Rosália Amorim* | Diário de Notícias | opinião
Os portugueses quiseram saber da moção de censura do Chega ao governo? Ontem à tarde ficaram de olhos colados à televisão, aos sites dos jornais ou de ouvidos atentos às rádios? Duvido. As métricas que nos dão, ao segundo, a tráfego online confirmam a minha convicção. O povo é sereno e sábio. Sabe bem que a moção de censura de nada servirá neste momento. Sabe também que o partido que tomou a iniciativa, ao colocar este instrumento em cima da mesa do parlamento por dá cá esta palha, está a desbaratar uma arma democrática. Trata-se de um dos instrumentos de controlo político do governo à disposição da Assembleia da República, que incide sobre a execução do programa do Governo ou sobre assunto de relevante interesse nacional e que, sim, pode deitar um governo abaixo, mas não neste momento, neste contexto político e socioeconómico.

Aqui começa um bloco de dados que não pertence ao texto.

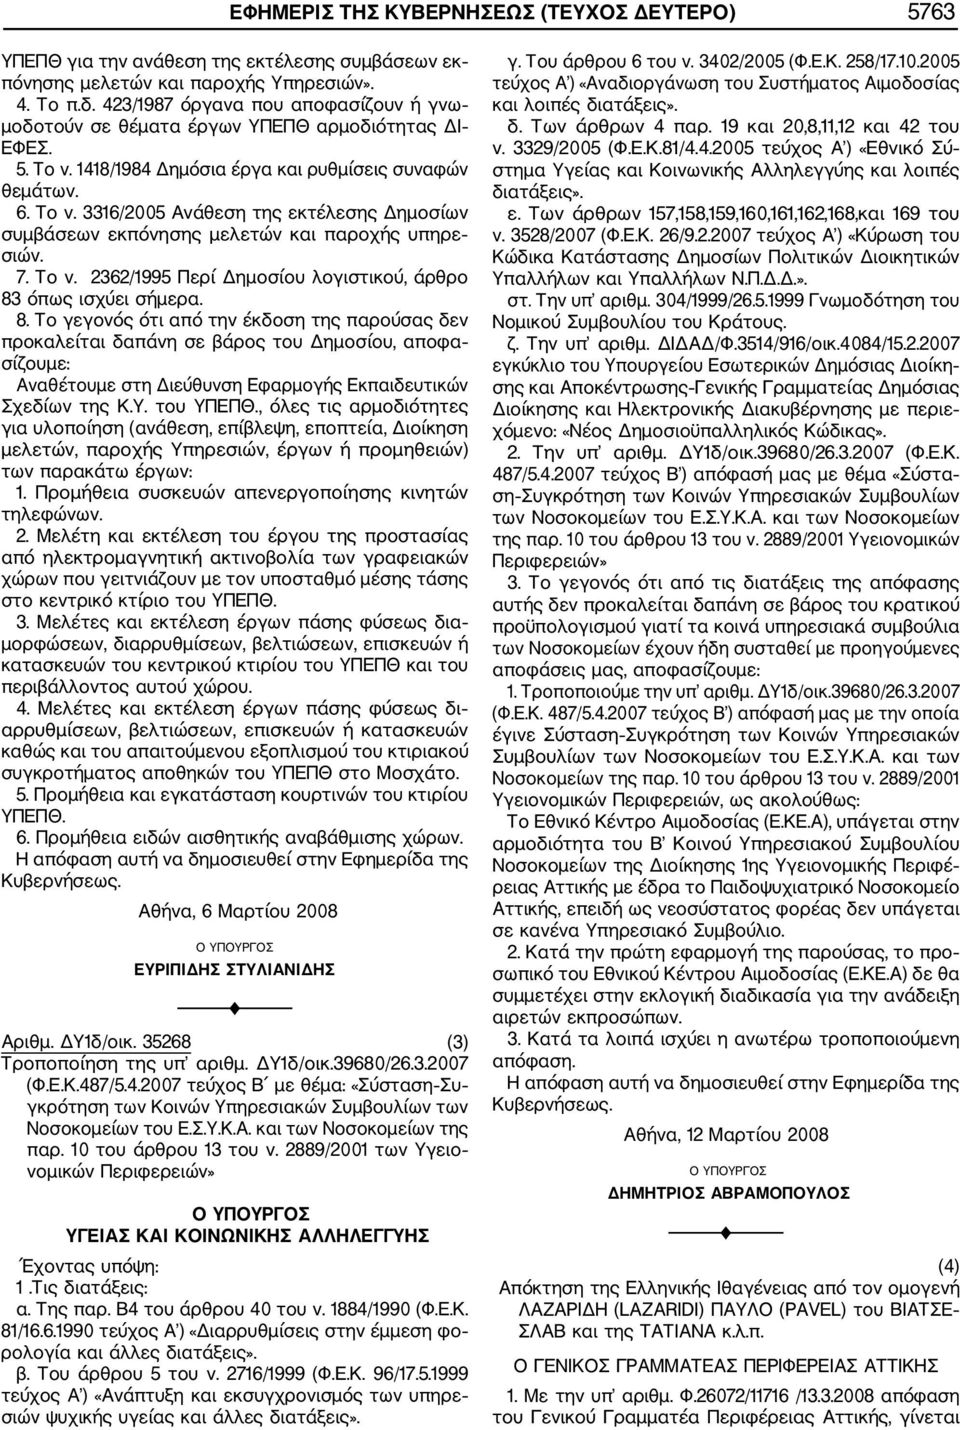 7. Το ν. 2362/1995 Περί Δημοσίου λογιστικού, άρθρο 83

A tempestade perfeita está instalada: alta da inflação, subida das taxas de juro, combustíveis a disparar de novo e alimentos básicos ao preço de pratos gourmet. Os portugueses fazem contas à vida e não sabem mais como fazer esticar o dinheiro lá em casa e, nesta altura, o que menos desejam é juntar a esta tempestade uma nova crise política.
O Executivo tem governado bem e resolvido os problemas das populações? Não. A crise da habitação é um dos maiores dramas que o país enfrenta e o descontentamento, as manifestações e as greves estão à vista. Mas uma moção de censura, nesta fase da legislatura, não é mais do que desbaratar uma arma democrática. Costa foi, ontem e como sempre, um malabarista implacável que soube voltar a iniciativa contra a oposição de Direita e puxou a si os louros do debate. Acusou a Direita (com foco no PSD) de não conseguir construir alternativa. Ainda aproveitou para confirmar as medidas para baixar a prestação da casa durante dois anos e avançou ainda que tem "fixado o calendário de atualização do salário mínimo até ao final da legislatura e com grande probabilidade vamos atualizar o mínimo de existência [no IRS] em conformidade com esse aumento." Em causa, está a isenção de IRS ao salário mínimo.
Esta é a terceira moção de censura desta legislatura: duas do partido de Ventura e uma da Iniciativa Liberal. A banalização deste instrumento é perigosa e alimenta populismos. No final do dia, o Chega acabou por dar mais ao palco ao PS, desbaratou uma oportunidade e ficou tudo exatamente na mesma. Como era de esperar, a moção de censura foi chumbada. Hoje, sim, talvez o povo fique de olhos postos no parlamento, afinal o debate vai ser sobre o IRS, matéria que toca mais nos bolsos dos eleitores do que as politiquices.